TiO prepared in examples 1 to 3 of the present invention2Structural component morphology analysis of heterogeneous phase nano-material, as shown in figure 1, graphs a-c and d-f are TiO prepared with 3, 4 and 5mL hydrochloric acid addition amount respectively2SEM and low power TEM patterns of the heterogeneous phase, it can be seen that all images exhibit a pronounced coexisting structure of small particles and rods. Further, it can be seen that as the addition amount of hydrochloric acid increases, the small particles are obviously reduced, the rod-shaped structure is changed from thick to thin, and the exposed crystal face is changed.
For TiO prepared in example 1 of the invention2Phase structure analysis of heterogeneous phase nano material (3mL hydrochloric acid addition amount) as shown in FIG. 2, wherein a is high power TEM image, and the synthesized TiO can be determined by lattice spacing comparison2The small particles of the heterogeneous phase are anatase and the rods are rutile. FIG. b is a graph of the prepared photo-deposited TiO with 1% Pt by mass2The preparation method of the TEM image of the homojunction comprises the following steps: 160mL of water, 40mL of methanol and 200mg of the solid catalyst prepared in the example 1 are added into a photocatalytic reactor, argon is used for purging for 20min before reaction, air in the reactor is discharged, chloroplatinic acid solution with the concentration of 5.24mmol/L is added, then a 300W xenon lamp is used for simulating sunlight to irradiate the loaded cocatalyst Pt for 30min, then centrifugal separation is carried out for 5min at the rotating speed of 5000r/min, the upper solution is filtered, and finally vacuum drying is carried out for 10h at the temperature of 80 ℃ to obtain solid powder. It can be seen from the figure that the Pt particles are clearly uniformly distributed, with a particle size less than 5nm and mostly distributed on the rod-like surface of the rutile phase and at the particle-rod interface. The EDX Mapping images in the graphs c-f show that the uniform distribution of the particles and the discrete distribution of the Pt particles are obviously seen.

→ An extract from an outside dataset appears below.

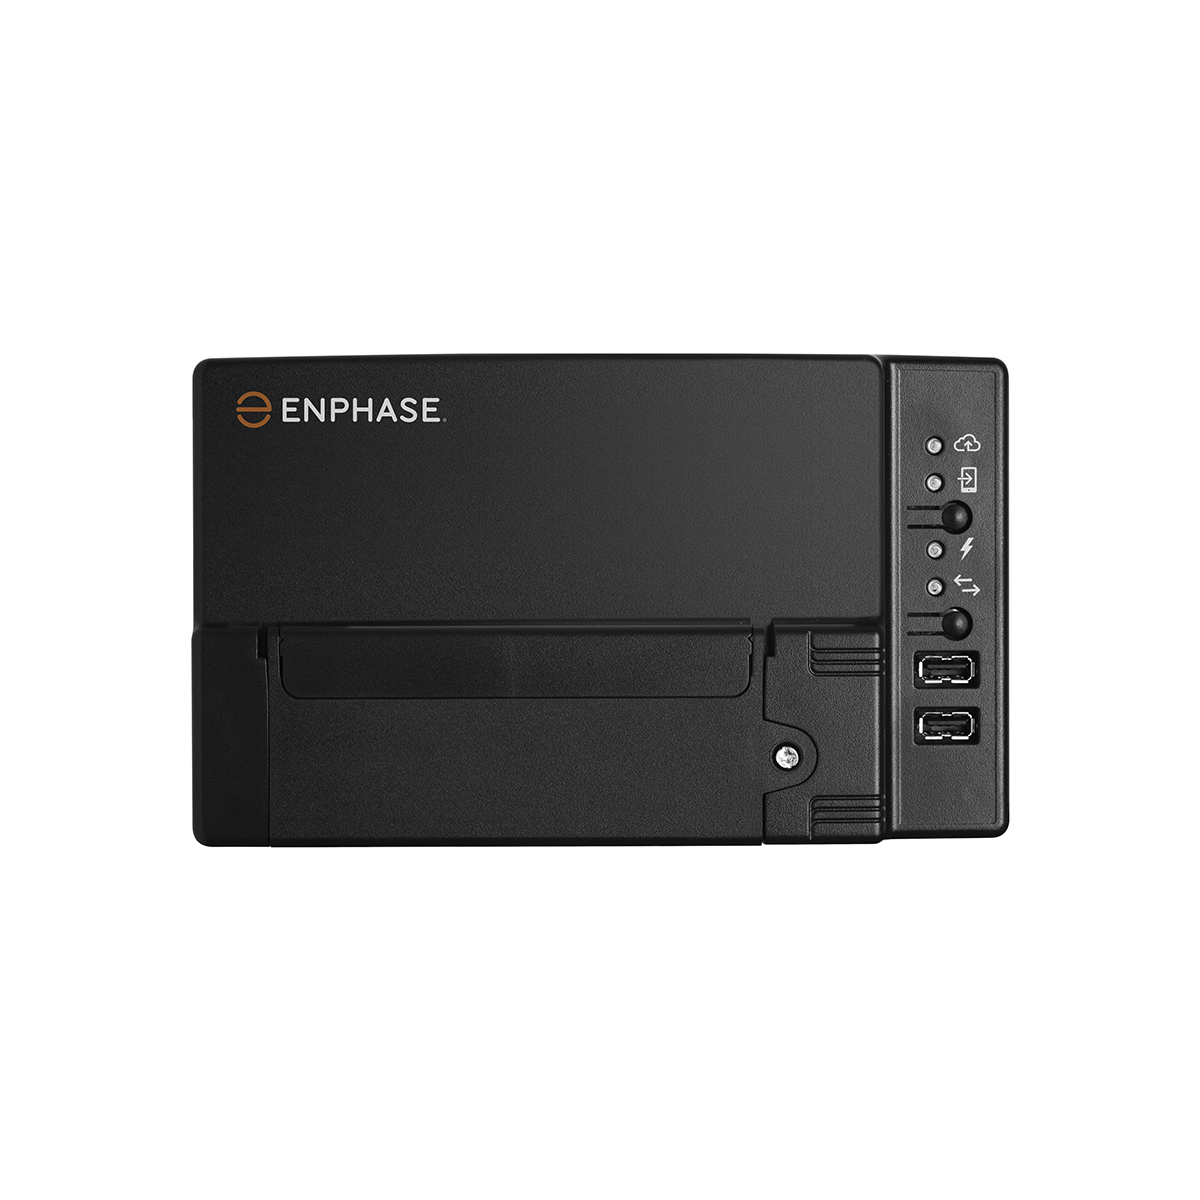 29x Sunpower P6 11745 wp met Enphase IQ8A en Accu 1x N Charge 10T,1 x N Charge 3T
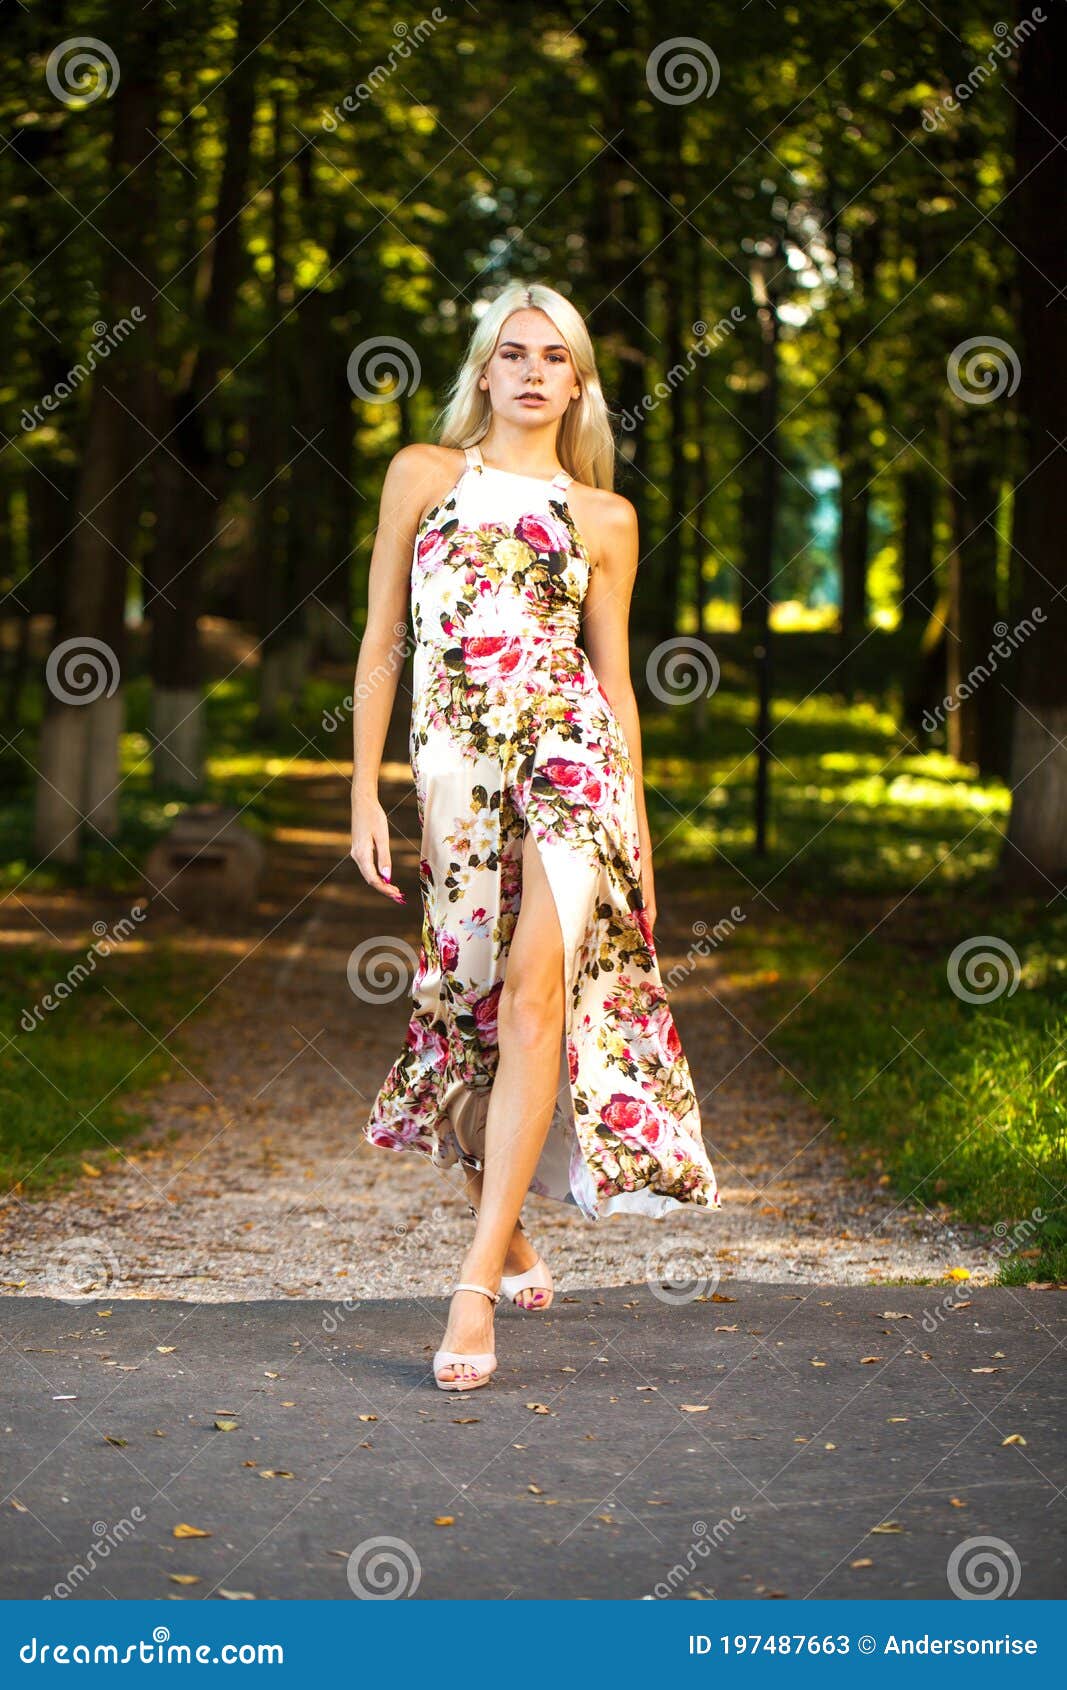 Full Body Portrait of a Young Blonde Girl Stock Image - Image of happy ...

TiO prepared according to examples 1 to 3 of the invention2The XRD analysis of the crystal structure of the heterogeneous phase is shown in fig. 3. It can be seen that the TiO prepared by adding 3, 4, 5mL of hydrochloric acid according to the invention2The heterogeneous homojunction shows two obvious crystal structures of anatase and rutile and the peak intensityThe anatase peak gradually decreased and the rutile phase gradually increased with increasing hydrochloric acid addition, consistent with the analysis of FIGS. 1 and 2 above.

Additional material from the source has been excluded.